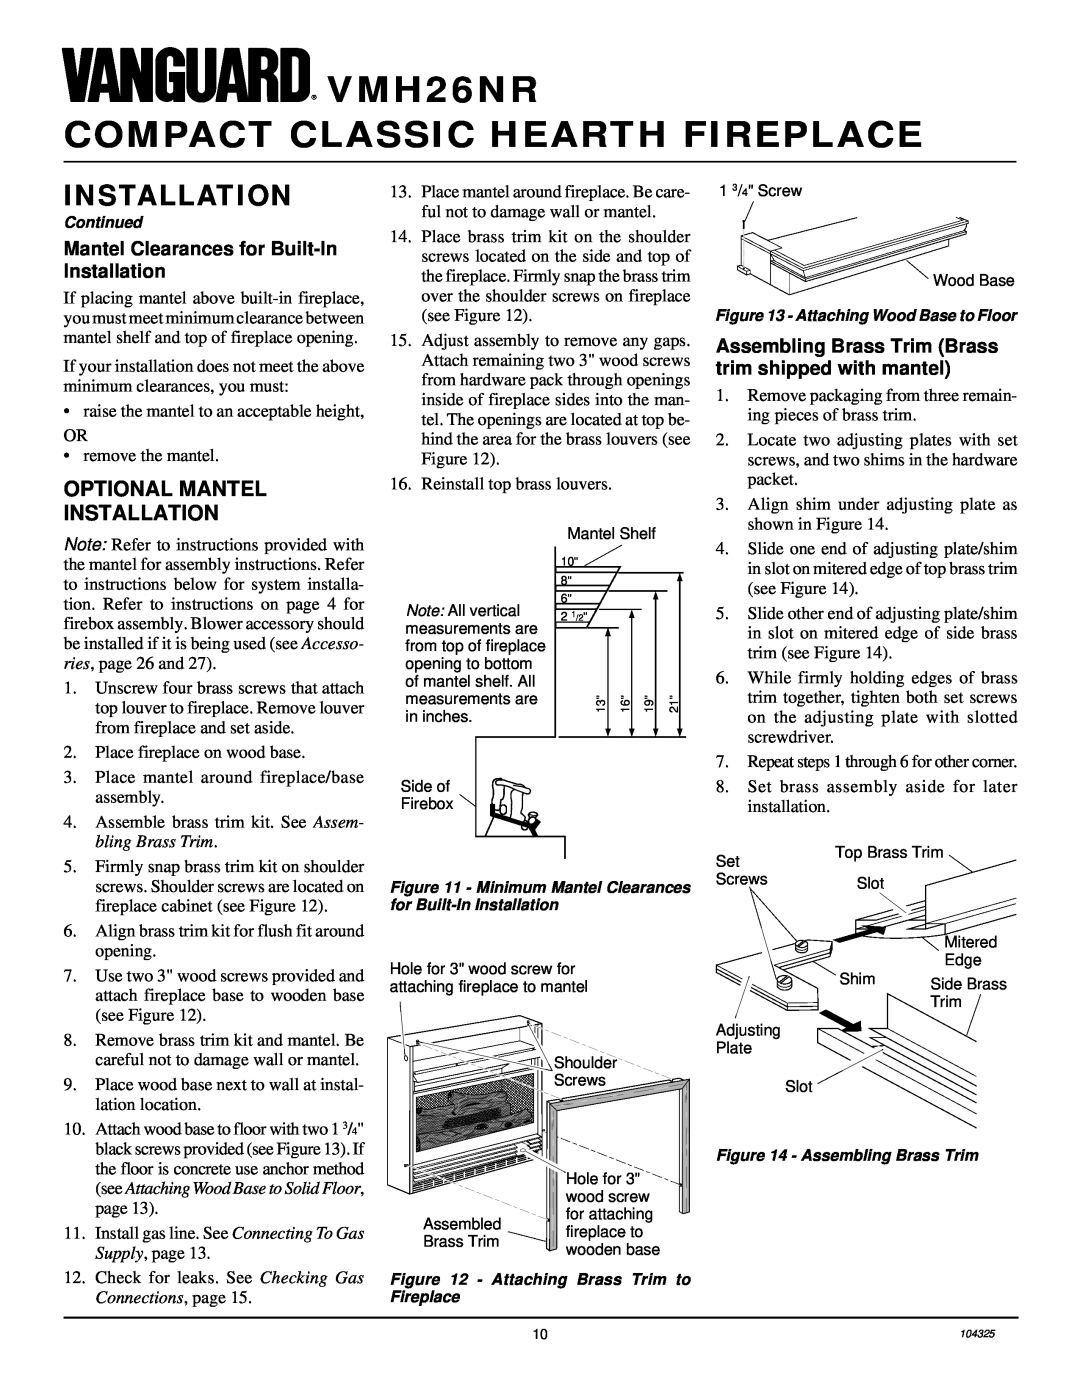 Vanguard Heating VMH26NR installation manual Optional Mantel Installation, Mantel Clearances for Built-InInstallation 
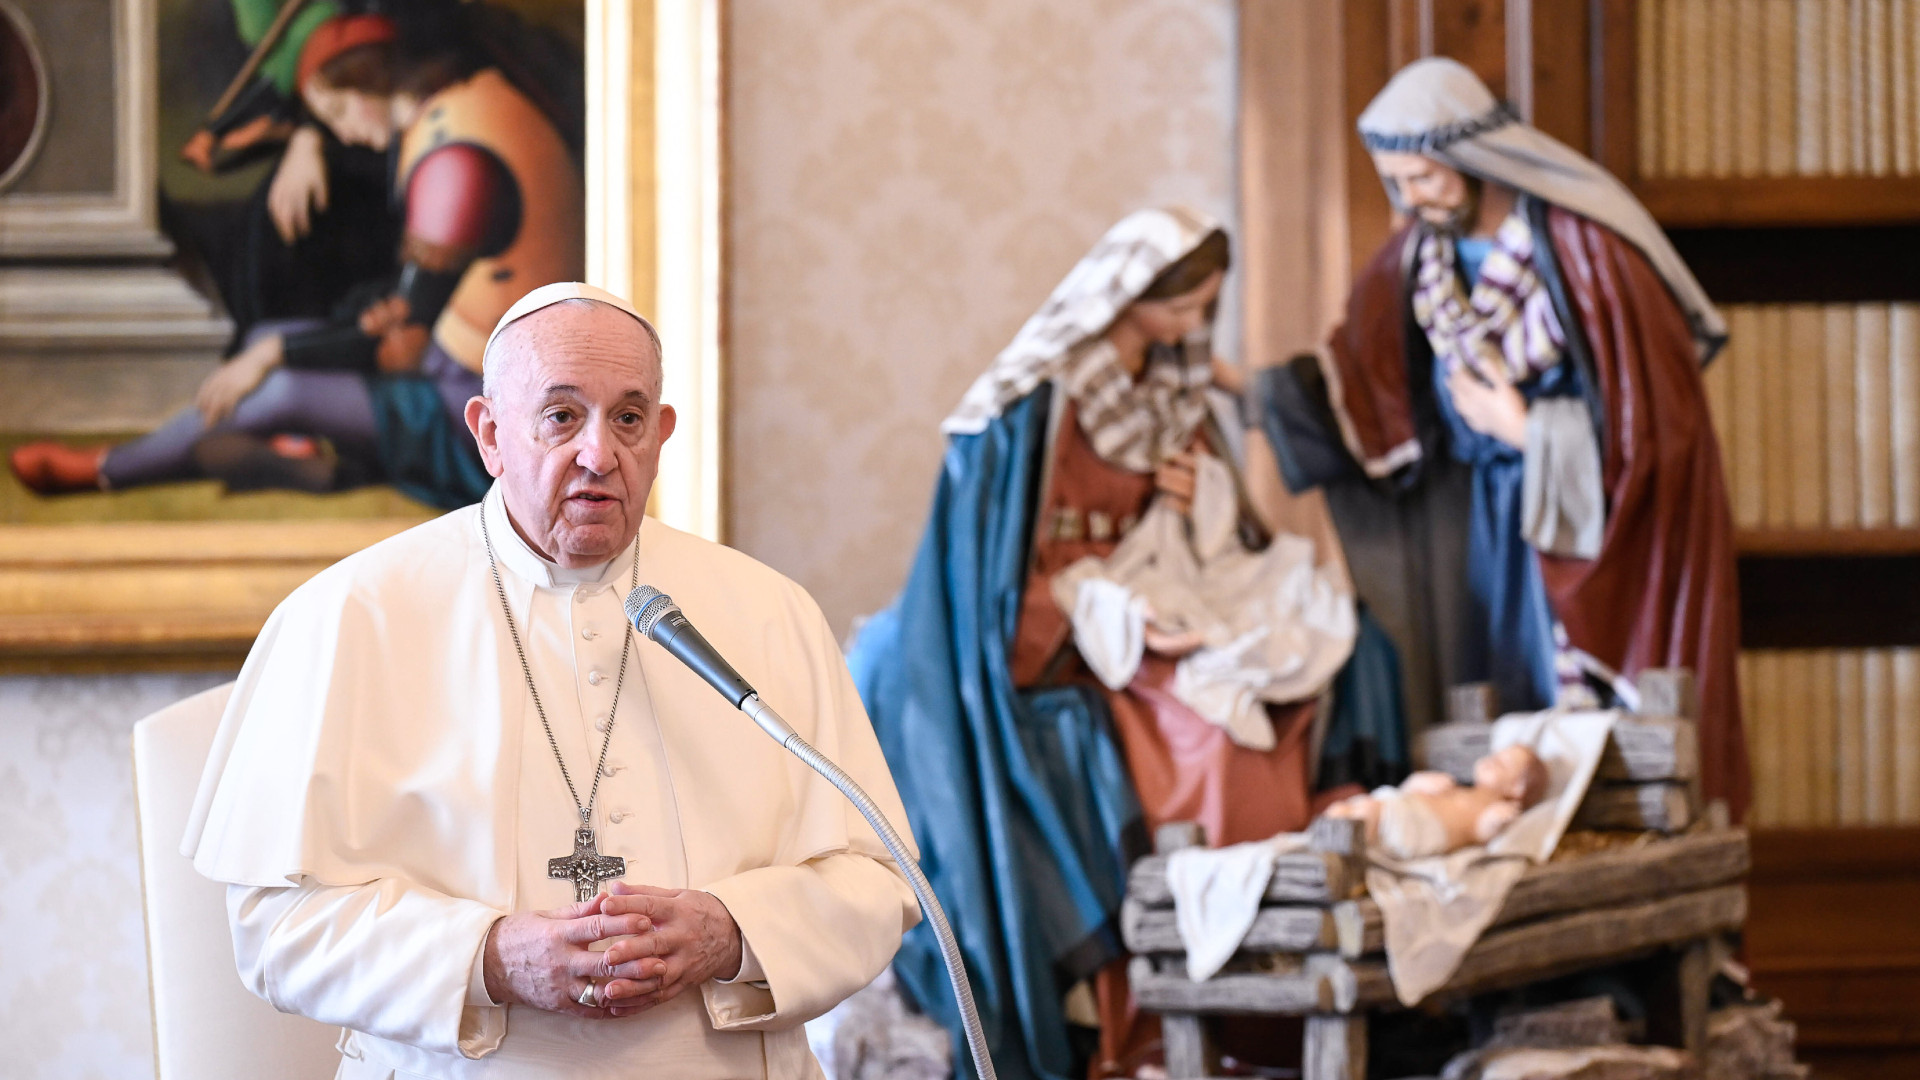 Papst Franziskus spricht Videobotschaft zu Weihnachten 2020 aus dem Vatikan – vor einer Krippe mit Maria, Josef und Jesuskind. | © KNA
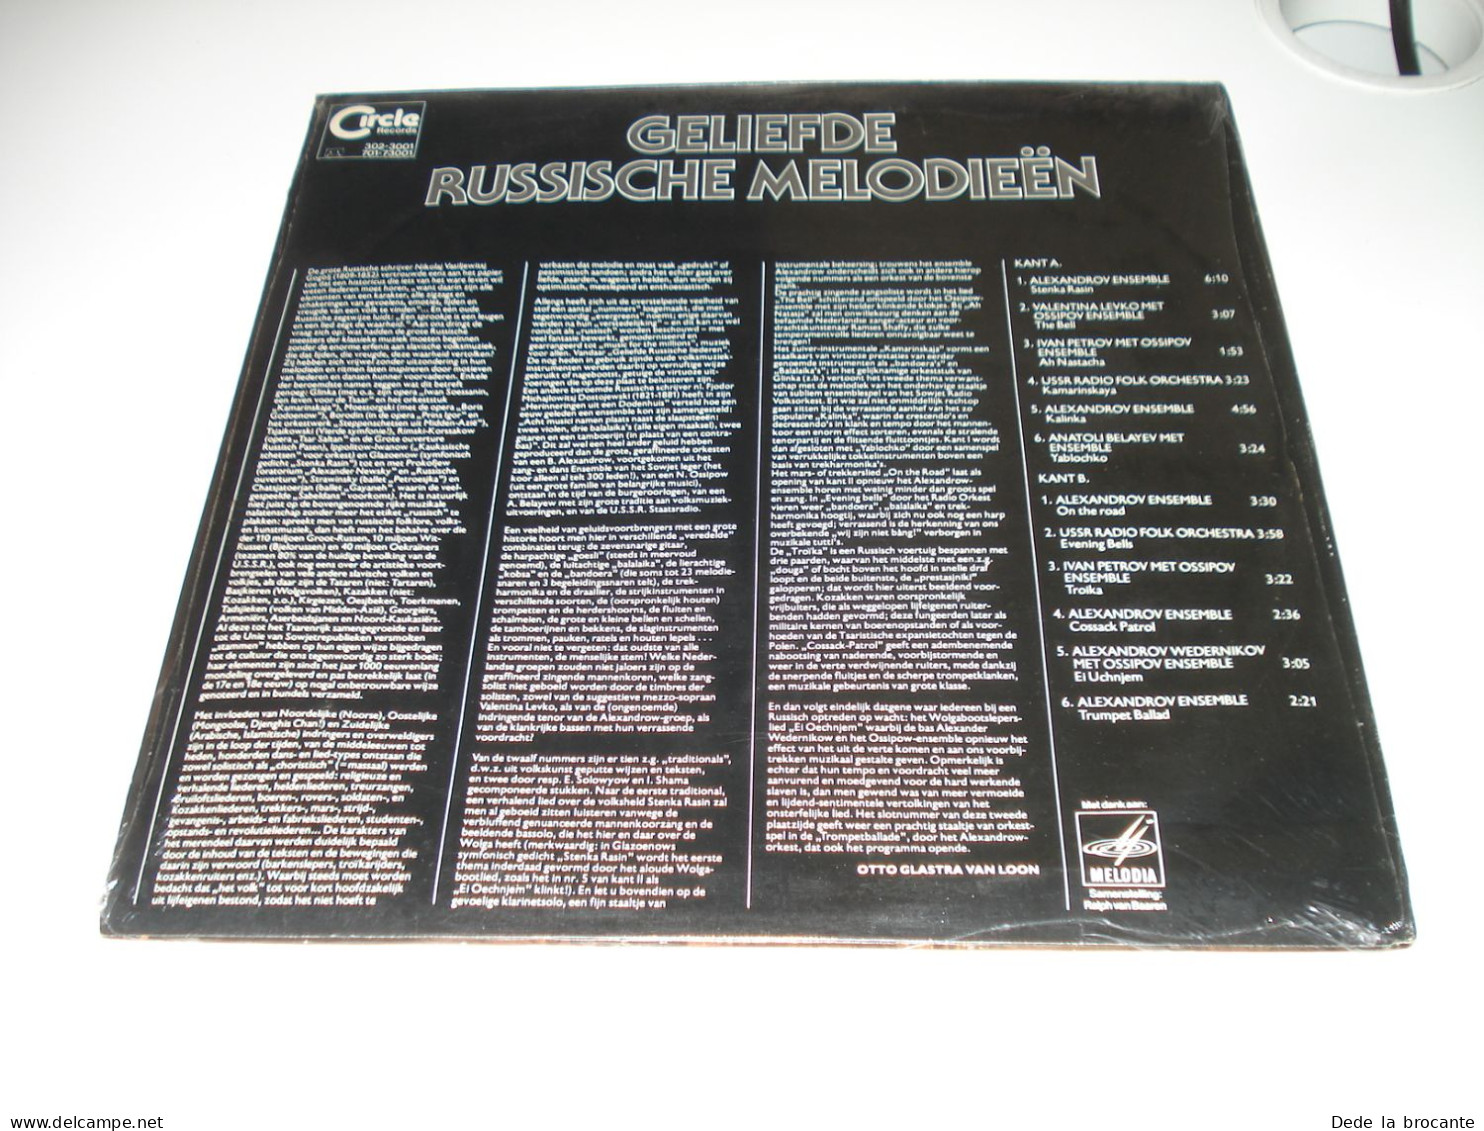 B6 / Geliefde Russische Melodieën - 302-3001 - Holland 1978 - Sealed - MINT - Wereldmuziek
_ _ _
Print exactly the span of lines that begins with the line containing "Papst Franziskus spricht" and ends with the last line of the listing, with no pictures.

ANSWER TO THIS TASK =>
 Papst Franziskus spricht Videobotschaft zu Weihnachten 2020 aus dem Vatikan – vor einer Krippe mit Maria, Josef und Jesuskind. | © KNA
 B6 / Geliefde Russische Melodieën - 302-3001 - Holland 1978 - Sealed - MINT - Wereldmuziek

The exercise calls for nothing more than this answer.